Tony Blair could triangulate his government’s way into partnerships with the private sector ignoring the din of complaints from unions and professionals that these would end in tears. Things could only get better, eh?
Yet in 2016 our children will be poorer than we are; housing need is just one of a number of national scandals; pay has yet to recover to its pre-crash value let alone rise; five million workers are termed self-employed; foodbanks are no longer an urgent response to an emerging problem but a vital part of our social fabric. Our NHS is in genuine crisis and all eyes are watching for government action on Brexit that will not see job prospects and workers’ rights worsen.
Decisions taken by previous administrations — Labour included — meant that when the crash came, the pain was great. So of course the mood of Labour members and supporters has adapted to these new and troubling circumstances and decided that changed times need fresh thinking.
Now Labour’s second leadership contest in a year is drawing to a close there has been another opportunity to put Labour’s ideas under the microscope. With both Corbyn and Owen Smith admitting that their prospectus is of the left, a solid policy floor has been placed under our party. Anti-austerity, fair taxation, decent homes, services and jobs as the cornerstones of a more equal nation. This is a party that now knows what it stands for with policies that will appeal across the country.
Today’s Labour Party is the biggest mass membership organisation in Europe not because people have flocked to it to revive 1990s “classics” like PFI but because they want better, fairer solutions to our world today.
What we need now is these common policies being promoted by a united party. The discord unleashed at the start of the summer must now disappear as the PLP, members and affiliate supporters unite in their support for whomever is declared the winner on September 24.

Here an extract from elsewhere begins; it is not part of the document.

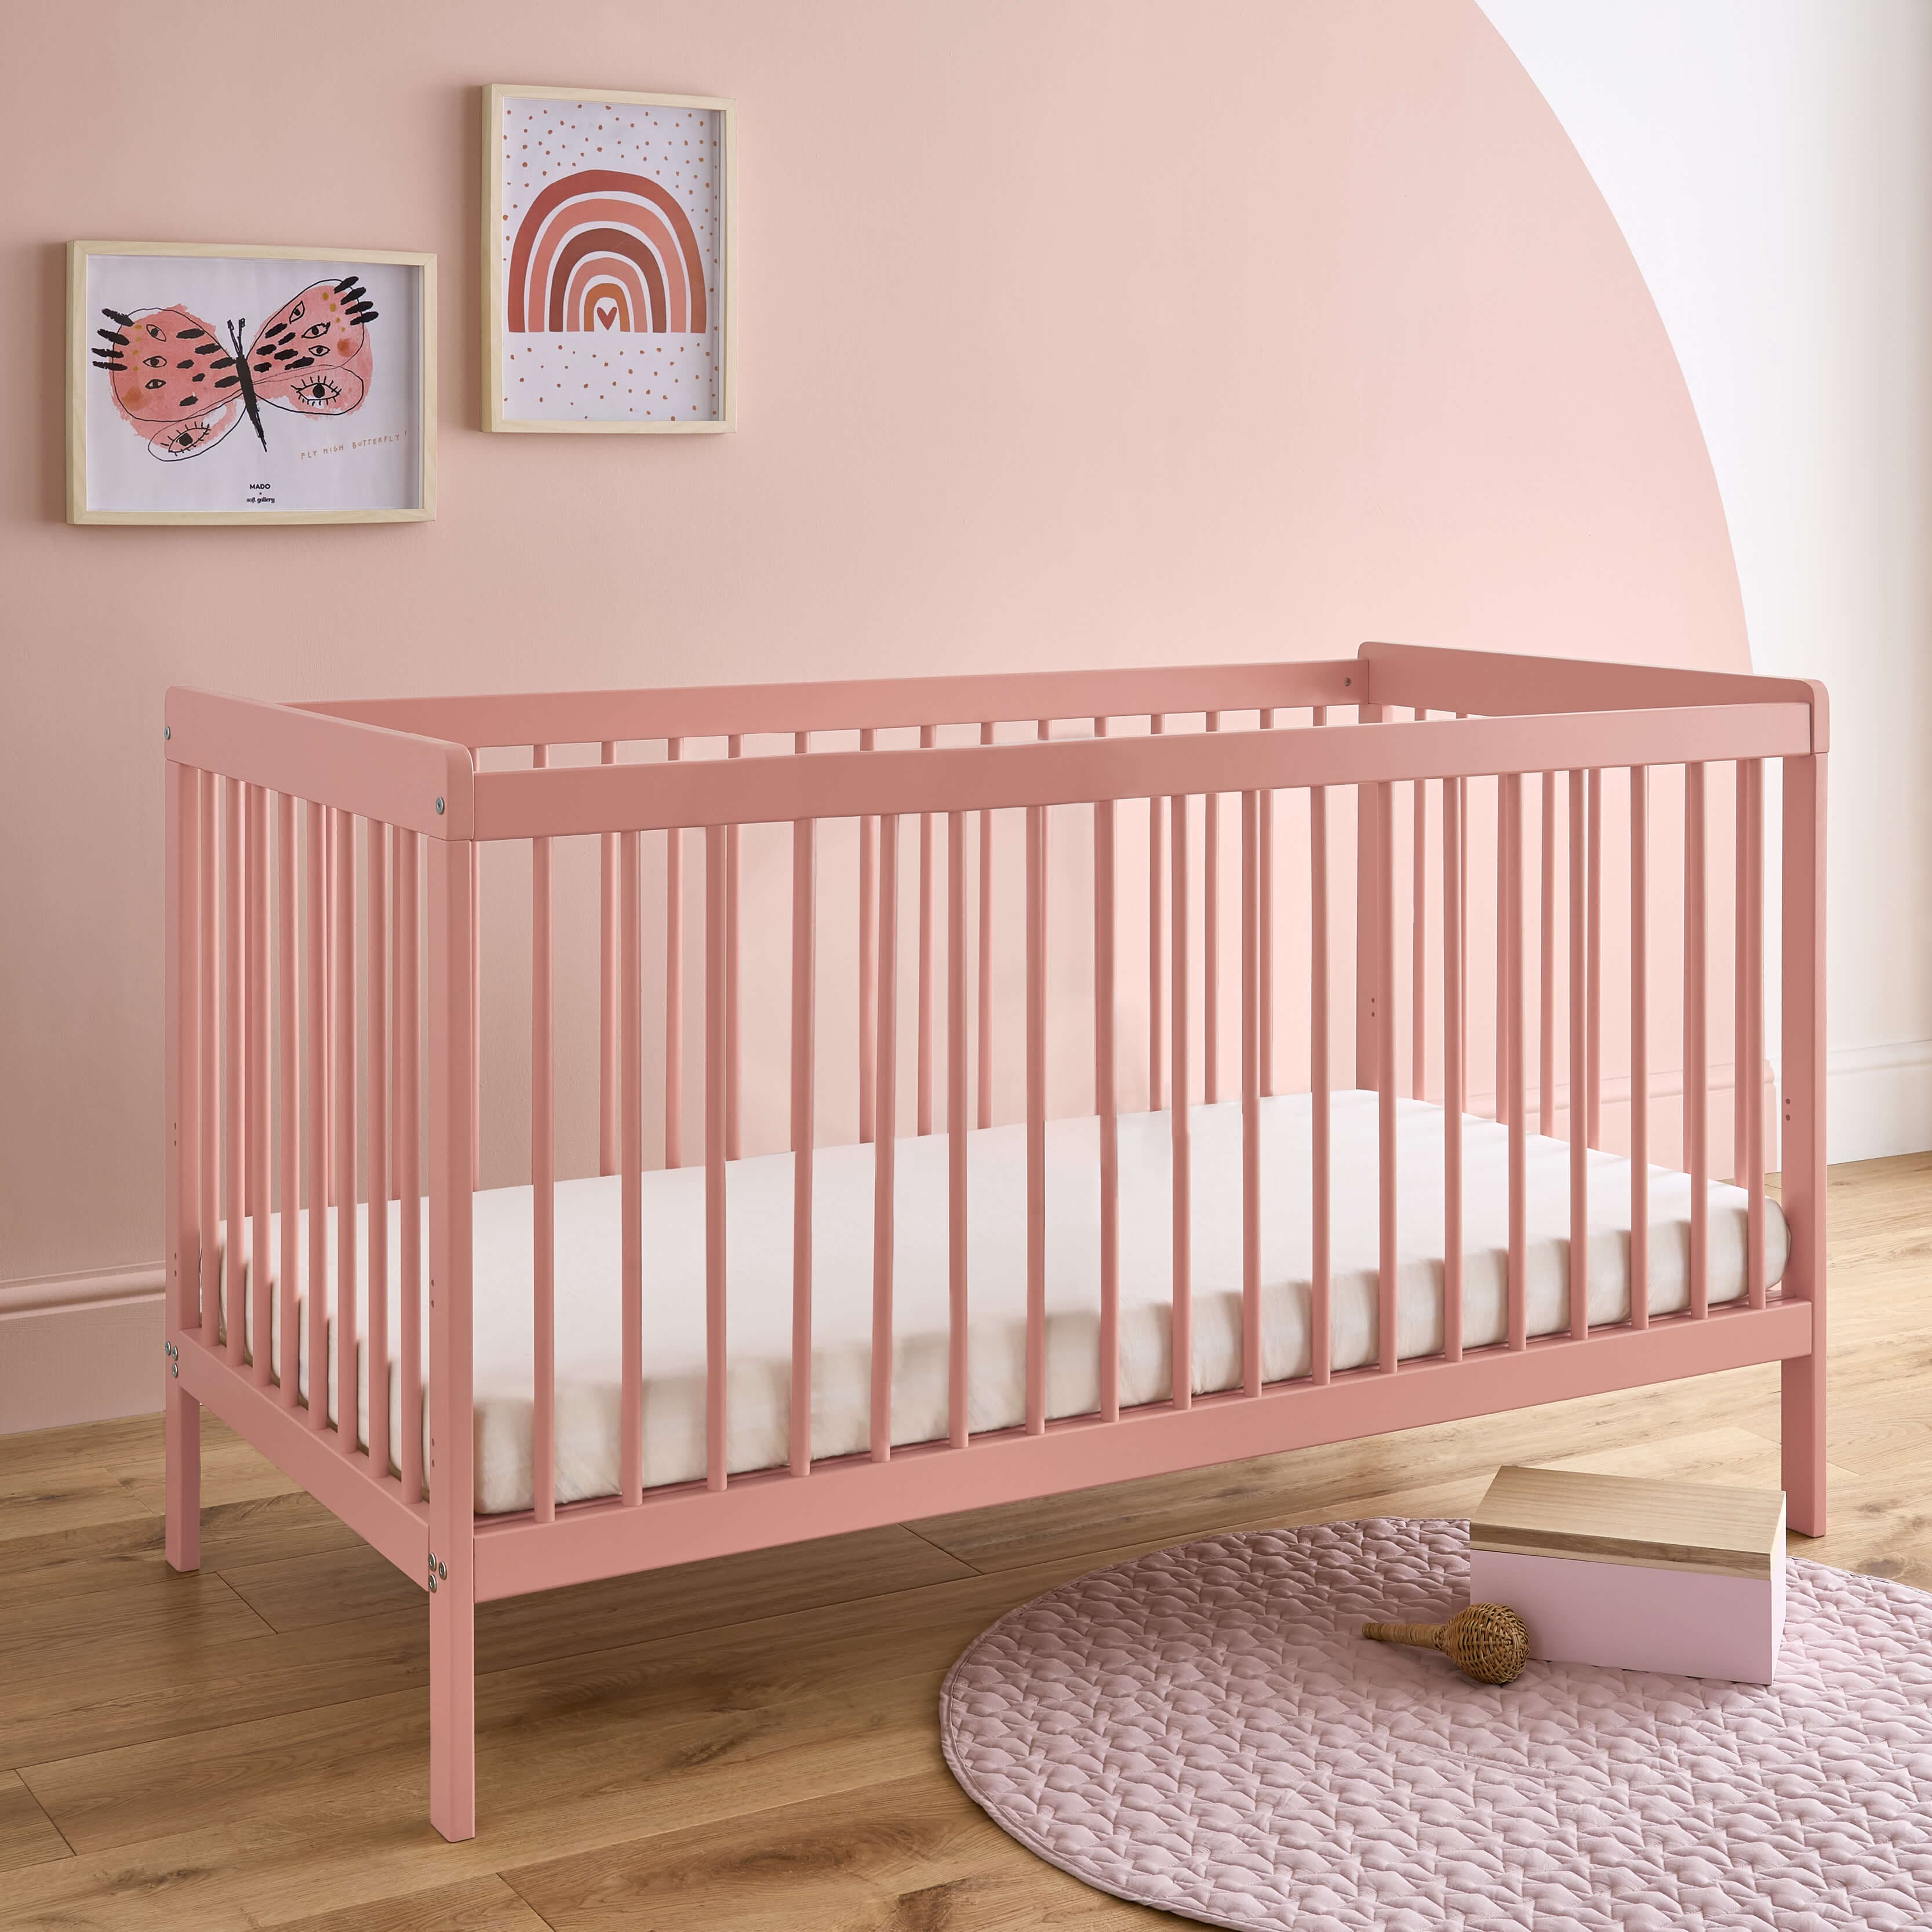 CuddleCo Nola 3 Piece Room Set in Soft Blush Nursery Room Sets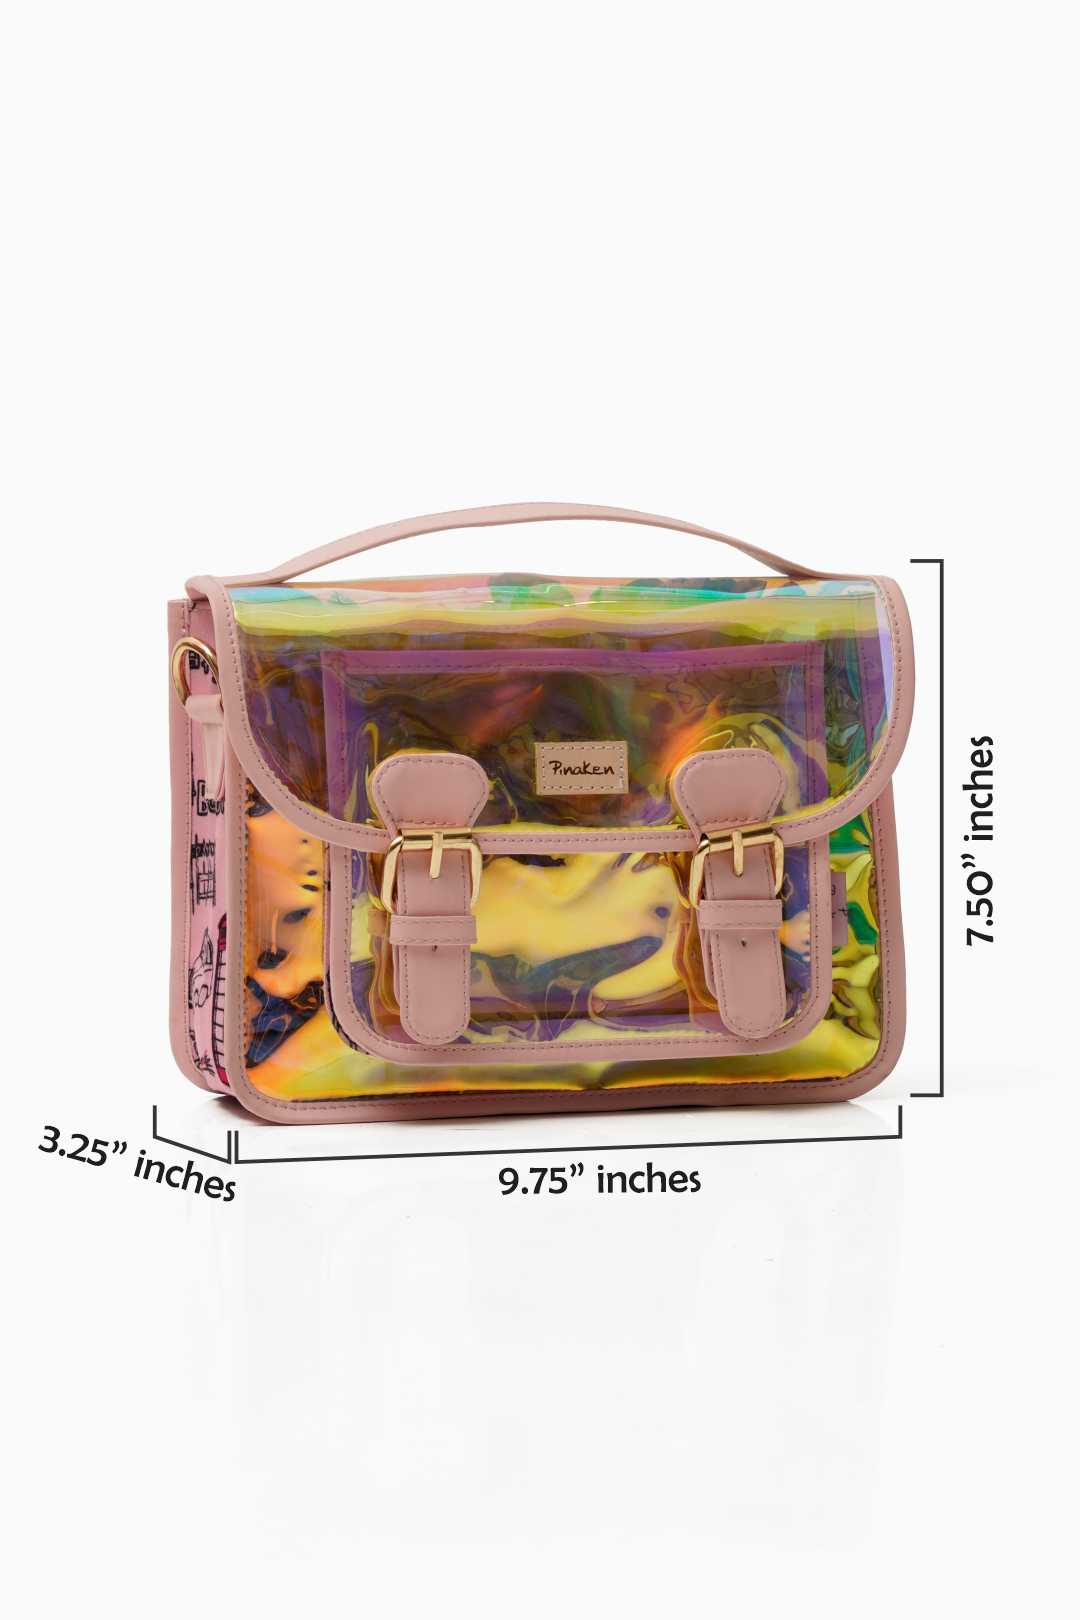 Buy HAMSTER London Women's Tote Bag (Aqua, Size: 40X10X40 cm) at Amazon.in

Most of all, Labour politicians must take seriously their duty to hold this government to account. Some of the most pressing decisions facing this nation are in the process of being taken by the new PM, who leads a party riven by its relationship with Europe, half of whom will not stop until this country has been turned into the low tax, no rights island of their dreams.
At this year’s trades union congress, our movement will again be leading from the front, pressing for action to stem the rise of poverty and chronic insecurity.
There will be calls for an intelligent and determined industrial policy that will equip our people to face the challenges of the rapid digitalisation that is being termed the “fourth industrial revolution,” and this union will be asking why, one year on, the future of our vital steel industry still hangs in the balance.
We will also be asking our movement to consider if the time has come for our social security system — now in its seventh decade and built to serve the needs of a different era — to be remodelled to provide people with a secure income in an increasingly precarious working world.
What working people need from Labour MPs is for them to now turn to face outwards, away from corridor squabbles and towards the Tories on the green benches, to address the realities of our members’ lives.
New and talented colleagues have emerged to take on challenging roles in our new shadow cabinet, showing great determination and professionalism. Those who, on the other hand, chose to walk away from their responsibilities must surely now agree that for the sake of the people and fortunes of this country, squabbles must be set aside while sleeves are rolled up.
This is now a time to heal. Those who are stockpiling for their next round of trench warfare against the leadership and the members must understand that if the Labour Party is destroyed then it will be their names that are on the charge sheet.
So the new is being born. The old must be left aside. Let Congress 2016 lead the way.
Len McCluskey is general secretary of Unite the Union.